TASK BRIEF:
Could you reproduce the lines below from the one with "MADAGASCAR Impact of" through the one with "Bargello Oriental Erkek Parfüm 50 ml Edp 734"? Keep both ends and add nothing.

DATASET ENTRIES:
- - -
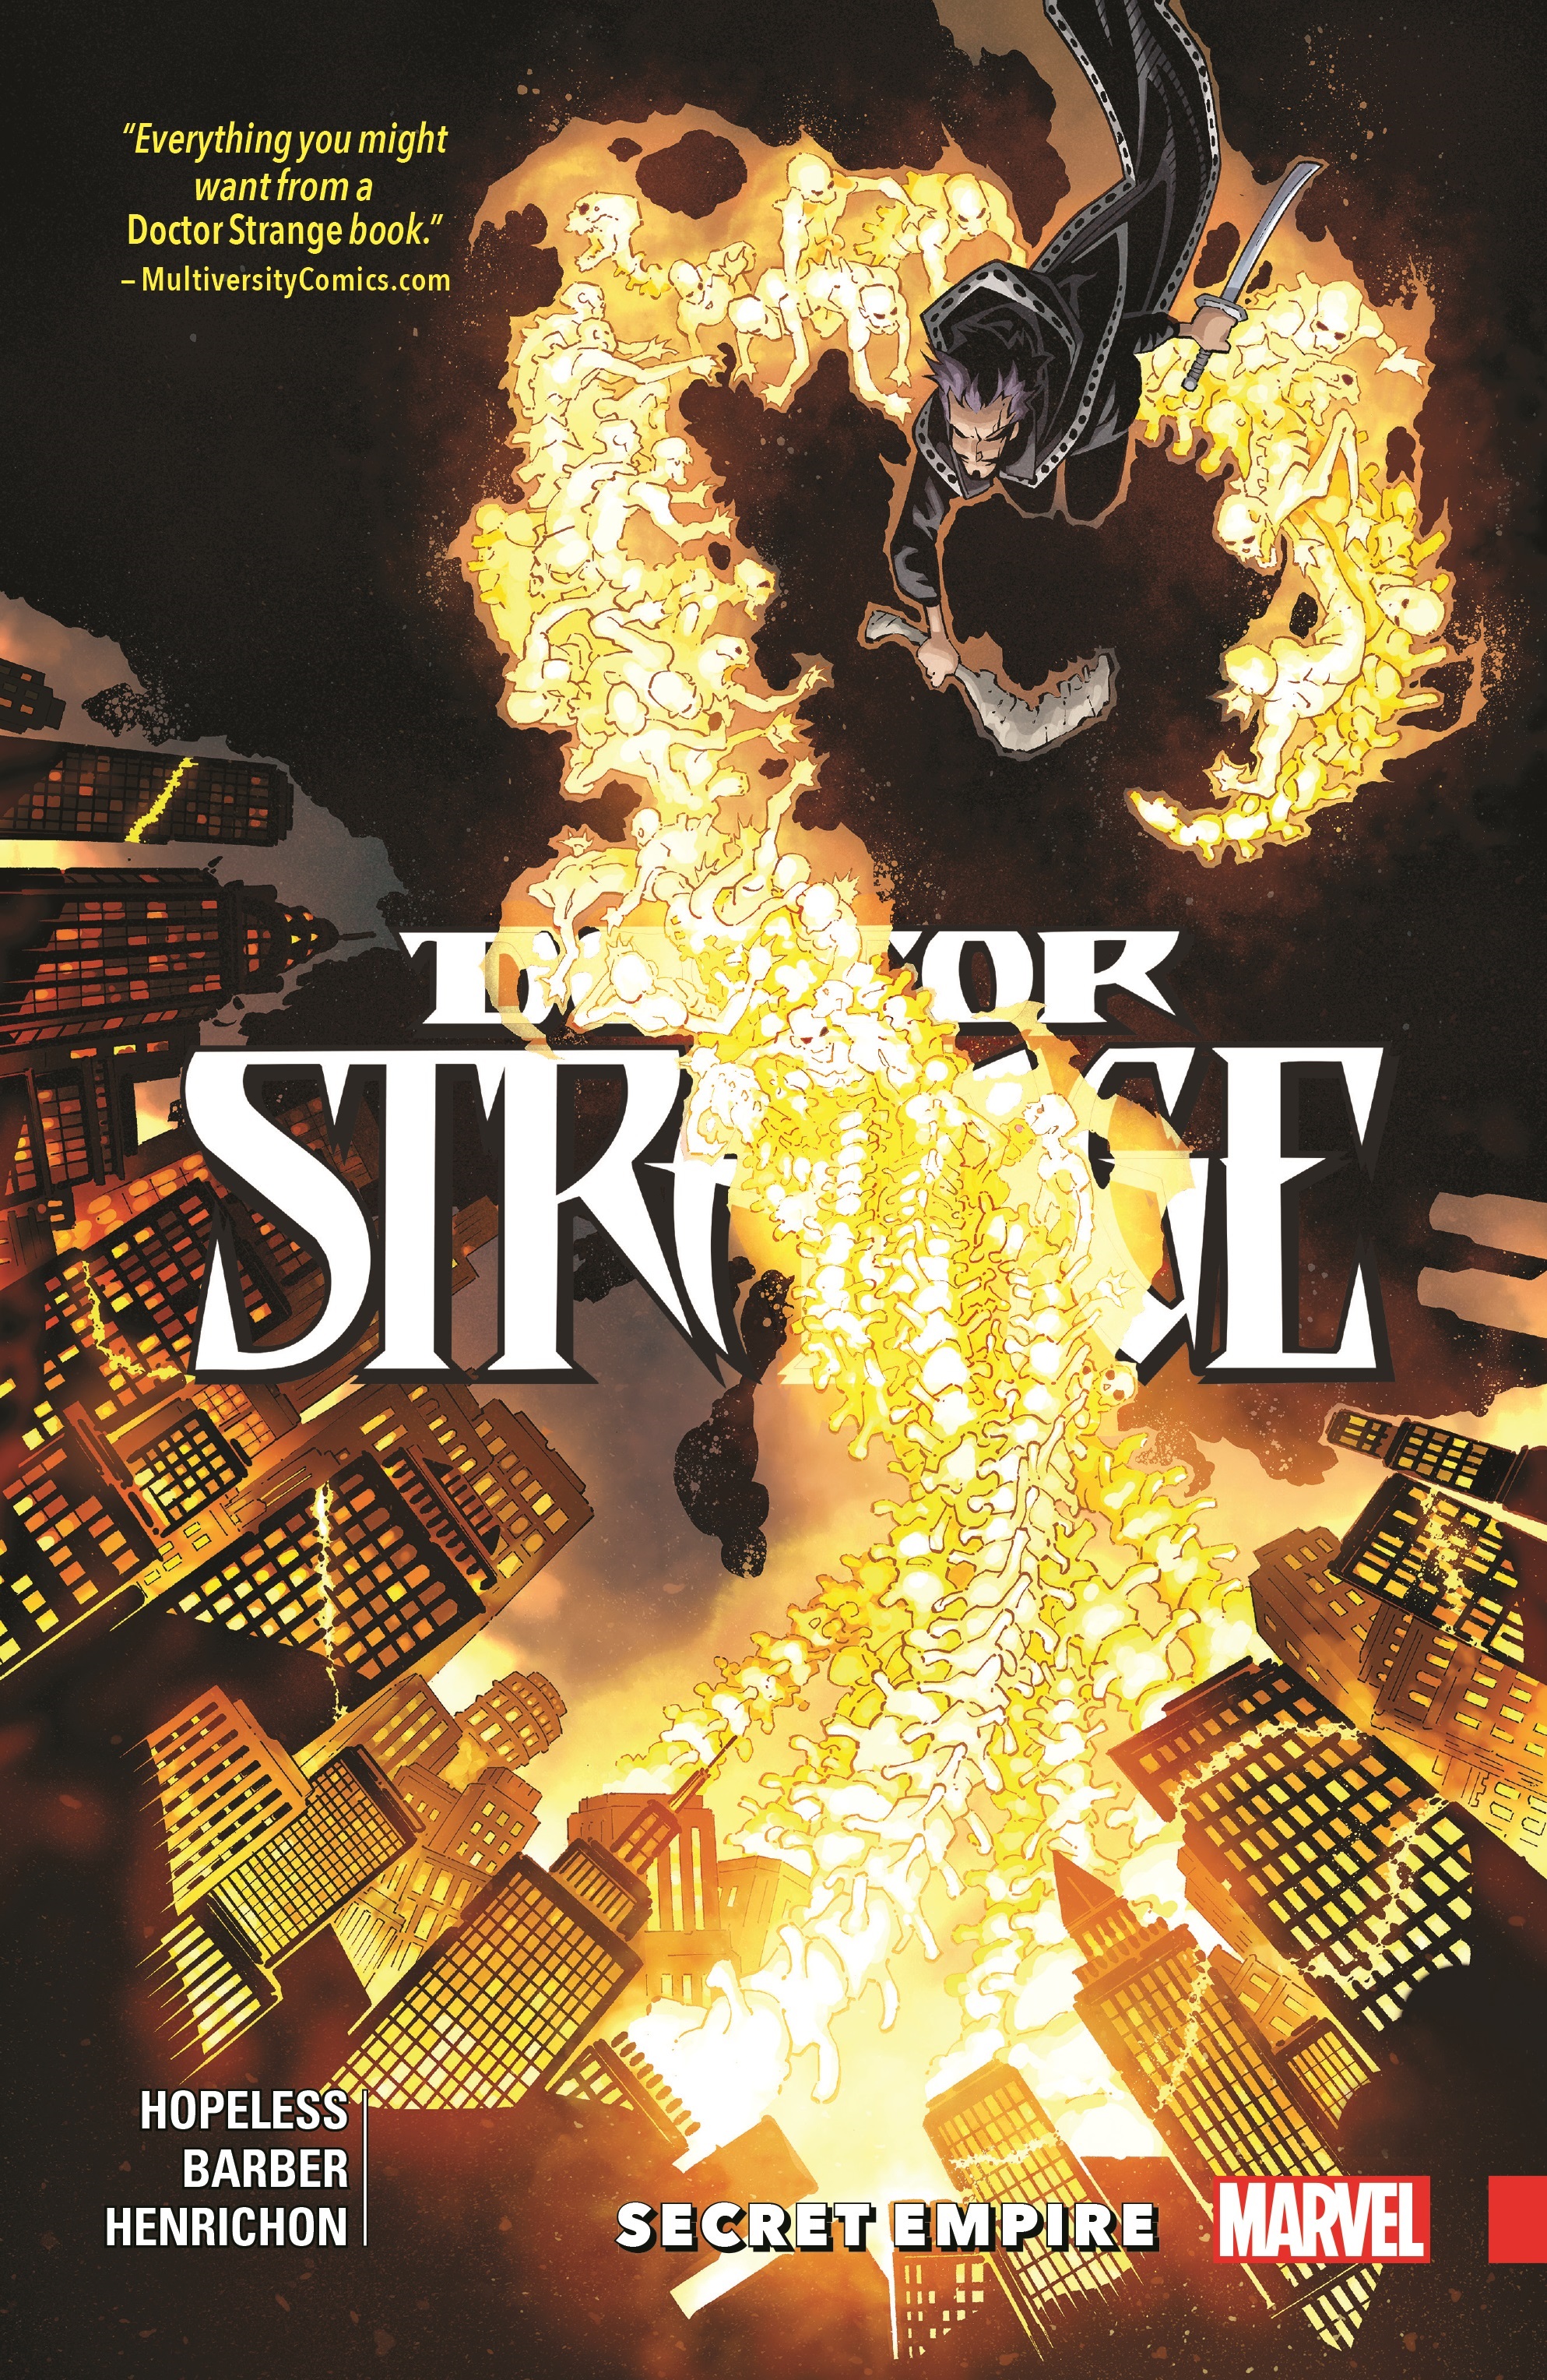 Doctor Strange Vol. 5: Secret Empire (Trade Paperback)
- - -
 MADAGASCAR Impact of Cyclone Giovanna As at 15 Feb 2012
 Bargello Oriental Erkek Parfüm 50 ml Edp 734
- - -
TASK ANSWER:
 MADAGASCAR Impact of Cyclone Giovanna As at 15 Feb 2012
 Bargello Oriental Erkek Parfüm 50 ml Edp 734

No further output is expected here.